No knight should threaten another.
Base Condition:
- If all knights are successfully placed (i.e., the required number of knights have been positioned), print the chessboard configuration.
Recursive Calls:
Iterate through every cell on the board.
For each cell:
Check if it is safe to place a knight.
If safe, mark the cell and recurse to place the next knight.
Safety Check:
- Evaluate potential knight attack positions based on the L-shaped movement. Ensure no other knight occupies these positions.
Backtracking:
- After exploring all possibilities from a position, unmark the cell and continue with the next cell.
The NKnights problem showcases backtracking's ability to handle highly specific constraints effectively.
static void knights(boolean[][] board, int row, int col, int knights){
if (knights == 0){
display(board);
System.out.println();
return;
}
if (row == board.length) {
return;
}
if (col == board.length){
knights(board, row+1, 0, knights);
return;
}
if(isSafe(board, row, col)){
board[row][col] = true;
knights(board, row, col+1, knights-1);
board[row][col] = false;
}
knights(board, row, col+1, knights);
}
private static boolean isSafe(boolean[][] board, int row, int col) {
if (isValid(board, row-2, col-1)) {
if (board[row-2][col-1]){
return false;
}
}
if (isValid(board, row-2, col+1)) {
if (board[row-2][col+1]){
return false;
}
}
if (isValid(board, row-1, col+2)) {
if (board[row-1][col+2]){
return false;
}
}
if (isValid(board, row-1, col-2)) {
if (board[row-1][col-2]){
return false;
}
}
return true;
}
static boolean isValid (boolean[][] board, int row, int col){
if (row < board.length && row>=0 && col>=0 && col< board.length){
return true;
}
return false;
}
private static void display(boolean[][] board) {
for (boolean[] arr : board){
for (boolean ele : arr){
if (ele){
System.out.print("K ");
}
else {
System.out.print("X ");
}
}
System.out.println();
}
}
Output:
GitHub Repository
Find the implementations of these backtracking problems in the following GitHub repository:
GitHub Repository: Backtracking Examples
Summary
Backtracking is like having a guide for solving puzzles, one step at a time. It allows us to try all possibilities by taking steps forward, and if we hit a dead-end, we simply backtrack and try another path. From navigating mazes with different types of movements to solving chessboard puzzles like NQueens and NKnights, backtracking proves its power to handle challenges systematically.

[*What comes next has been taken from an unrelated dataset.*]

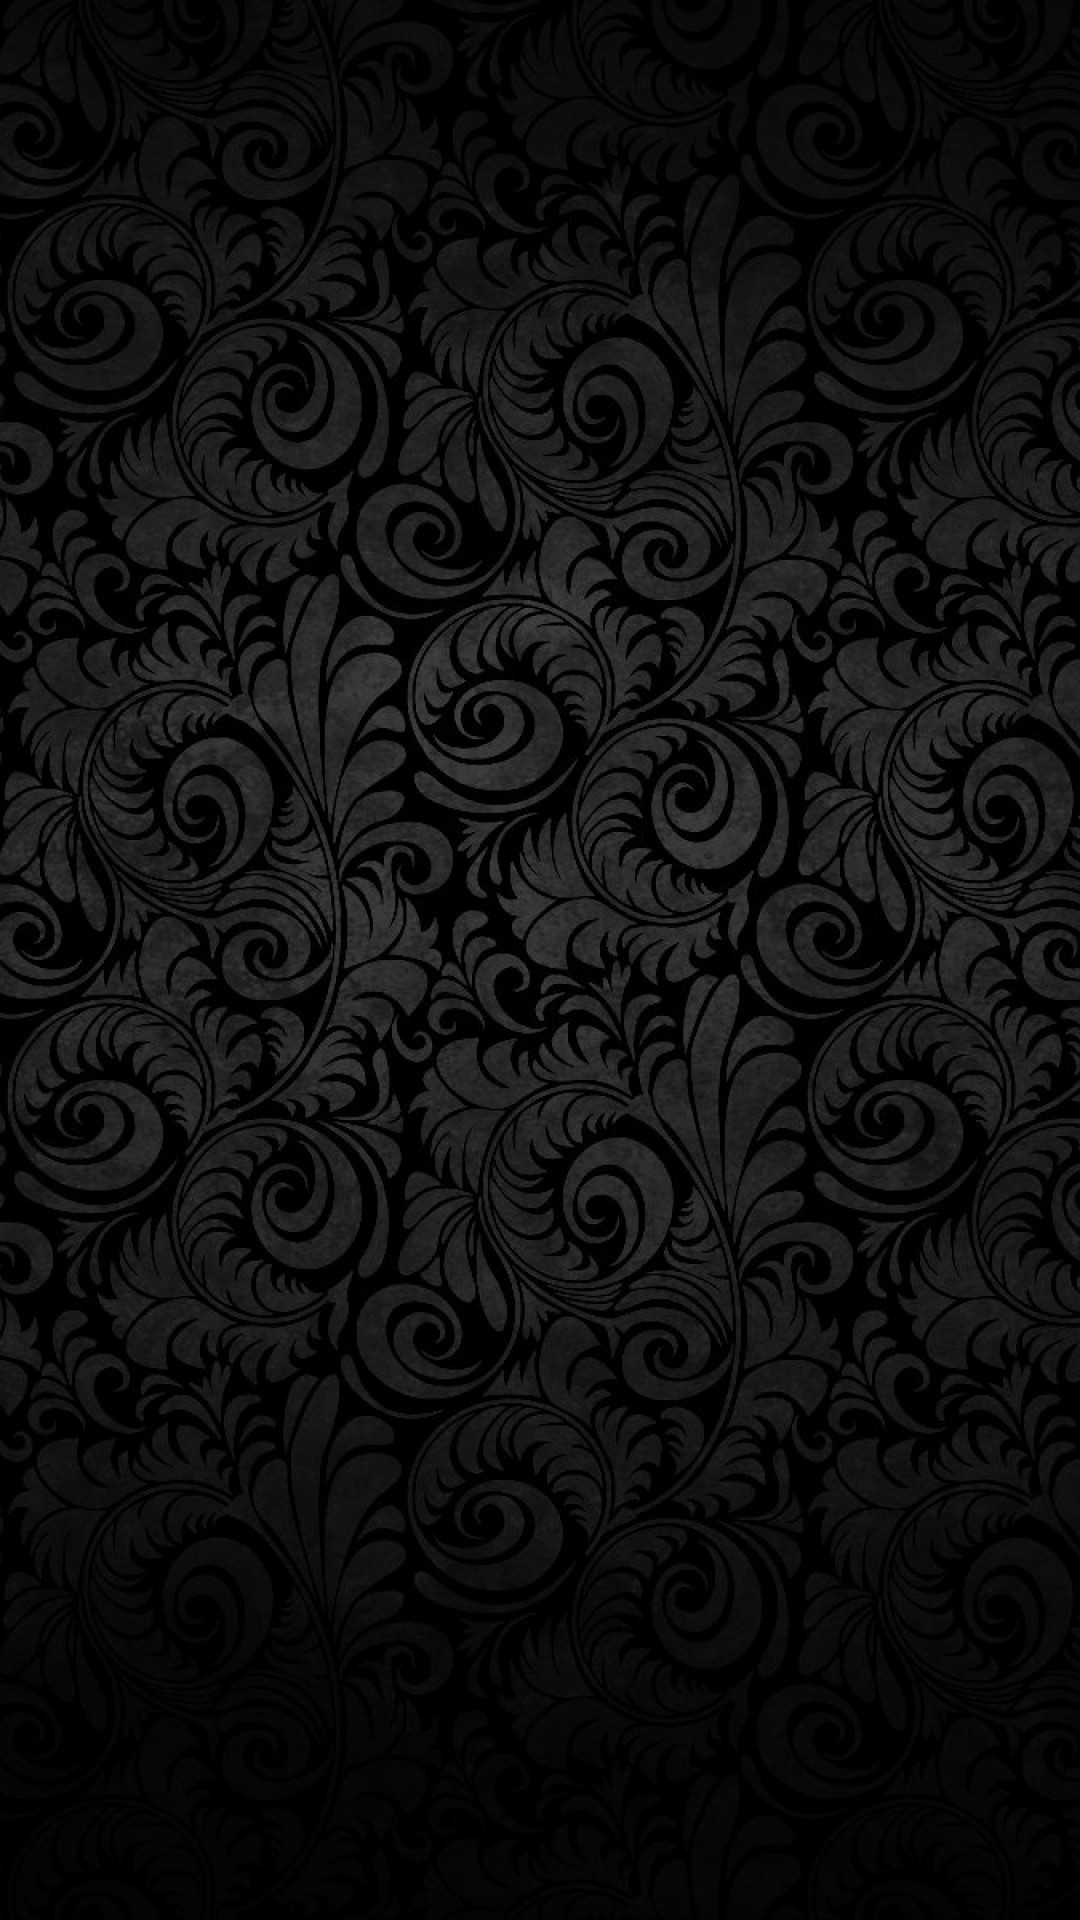 1080x1920 Search Results for “iphone plus wallpaper black” – Adorable Wallpapers

Whether it's avoiding obstacles, exploring all directions in a maze, or carefully placing pieces on a chessboard without conflicts, this technique showcases its versatility and adaptability.
This exploration forms a solid foundation for delving into more advanced backtracking problems, demonstrating how recursion and systematic exploration can solve intricate challenges.